Anton Kern Gallery (21st Street Annex)
558 West 21st Street, 212-367-9663
Chelsea
December 6 - December 22, 2006
Reception: Wednesday, December 13, 6 - 8 PM
Web Site


Curated by Erin Somerville

Attic comprises a loose smattering of friends and allies; Brian Clifton, Kate Levant, Jeffrey P. Porterfield, Joshua Smith, Mike Smith and Ned Vena- a collection of artists who each work across a wide array of mediums. Installed a floor above John Bock’s reconfiguring of his recent exhibition, Mit schisslaveng at a temporary annex, Attic takes advantage of the dilapidated space it is in to assemble an exhibition of six diverse and interesting young artists.
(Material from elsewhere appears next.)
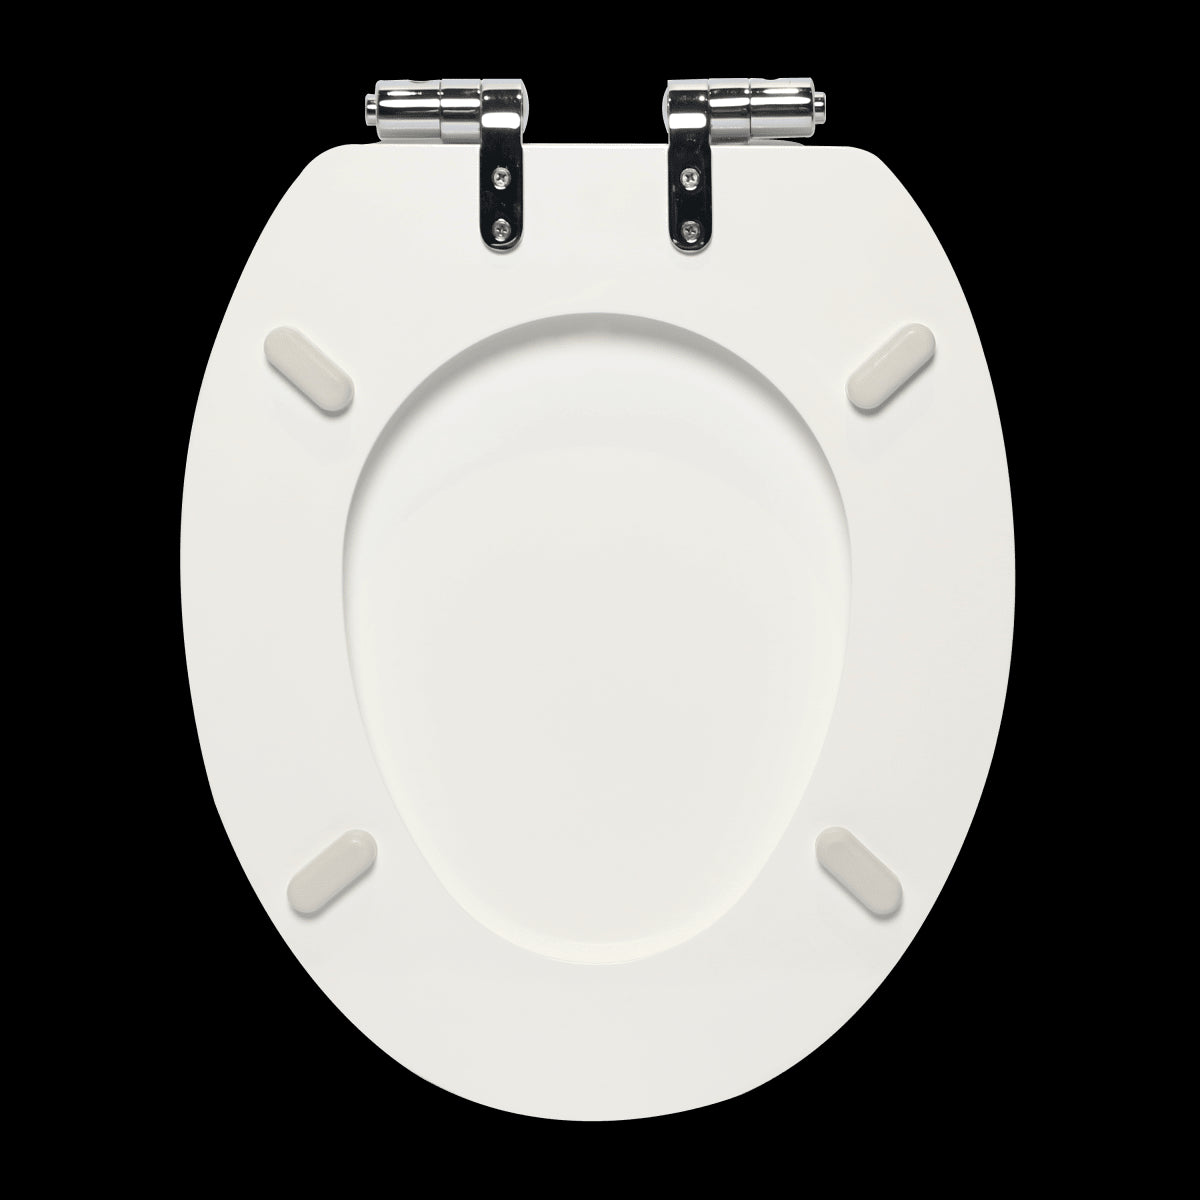 PURITY OVAL WHITE WC SEAT WITH SLOW CLOSING MECHANISM
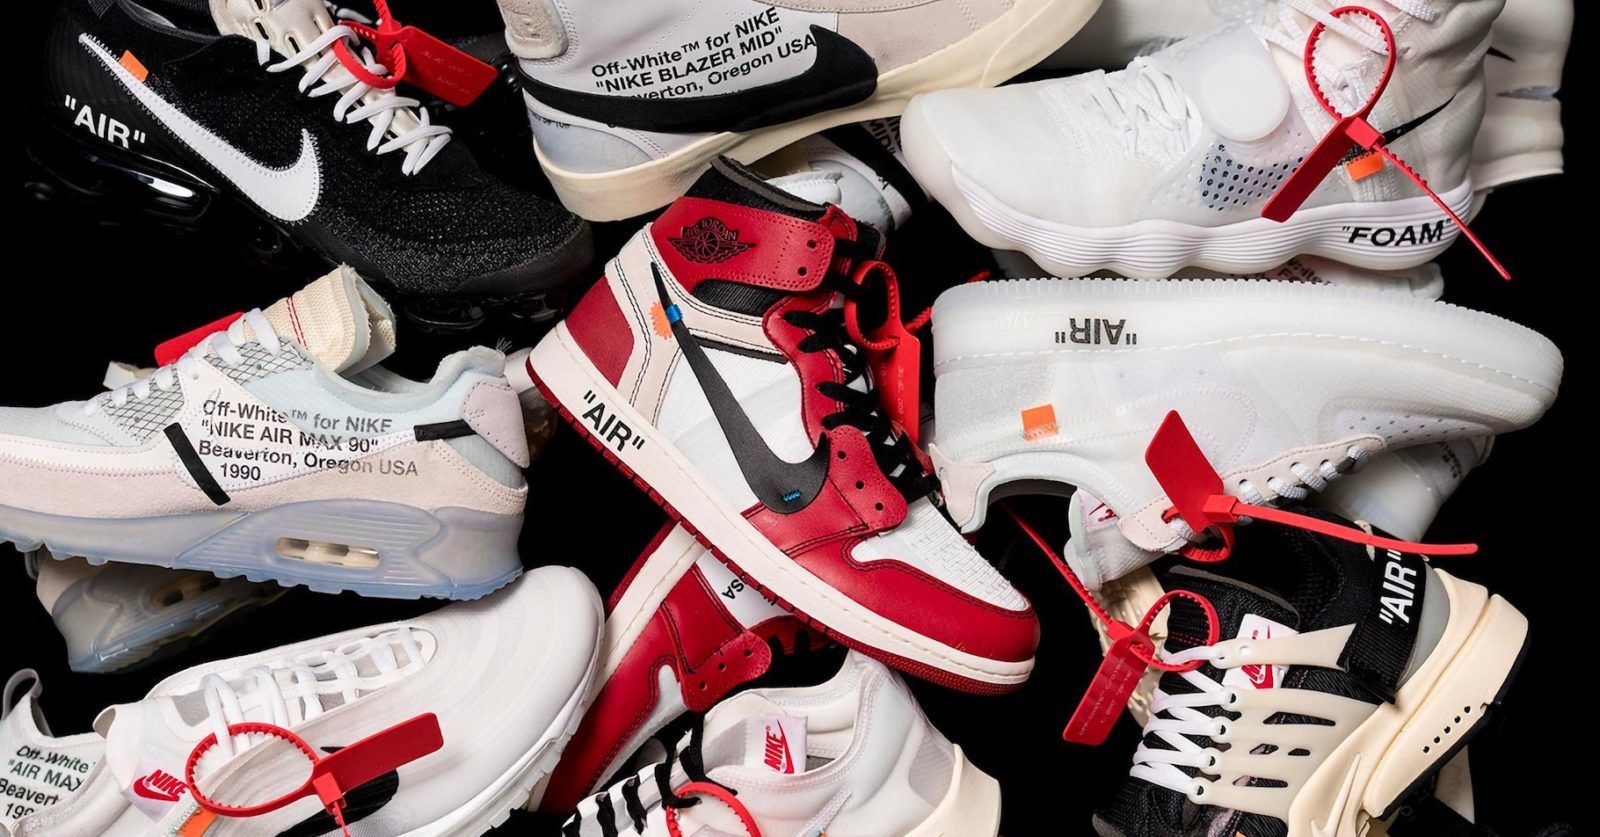 8 iconic sneakers by Virgil Abloh that redefined streetwear, fashion and art

Brian Clifton, meanders his interest in the thick and heady subjects of science and mathematics headlong into a fantastic faith in the beautiful and sublime. In Clifton’s book, The Meaning Field, published for this occasion, he uses an assemblage of research to substantiate his presentation of the space itself as a literal black hole. If one chooses to believe Clifton’s proposition then the distortion in what he refers to as “an individual’s given Meaning Field” presents limitless potential for the viewer – or an extreme optimism in the present.

A lived experience with an especially tactile, aesthetic physicality – Kate Levant’s site-specific sculptures (often consisting of assemblaged found objects and constructed environments) bear the residue of the familiar, while bringing into proximity a muddled or obtuse encounter with the off-kilter. A strange place, a fading memory, a name on the tip of the tongue – Levant runs interference between the recognizable and the confused, an enticing, if daunting, tip-toing between the two.

Salvaged or cheap wood reworked into a beaming wall-mounted sculpture or a painted toothy grin applied to a reproduction of an old master painting – Jeffrey P. Porterfield might be thought of as an eraser of stable definitions. Sullying reproductions of historic artworks, or sullying the history of his own work and keepsakes, Porterfield pushes origins and orientations into surreal humor and casual displacements through blobby paint, or haphazard screwdriving.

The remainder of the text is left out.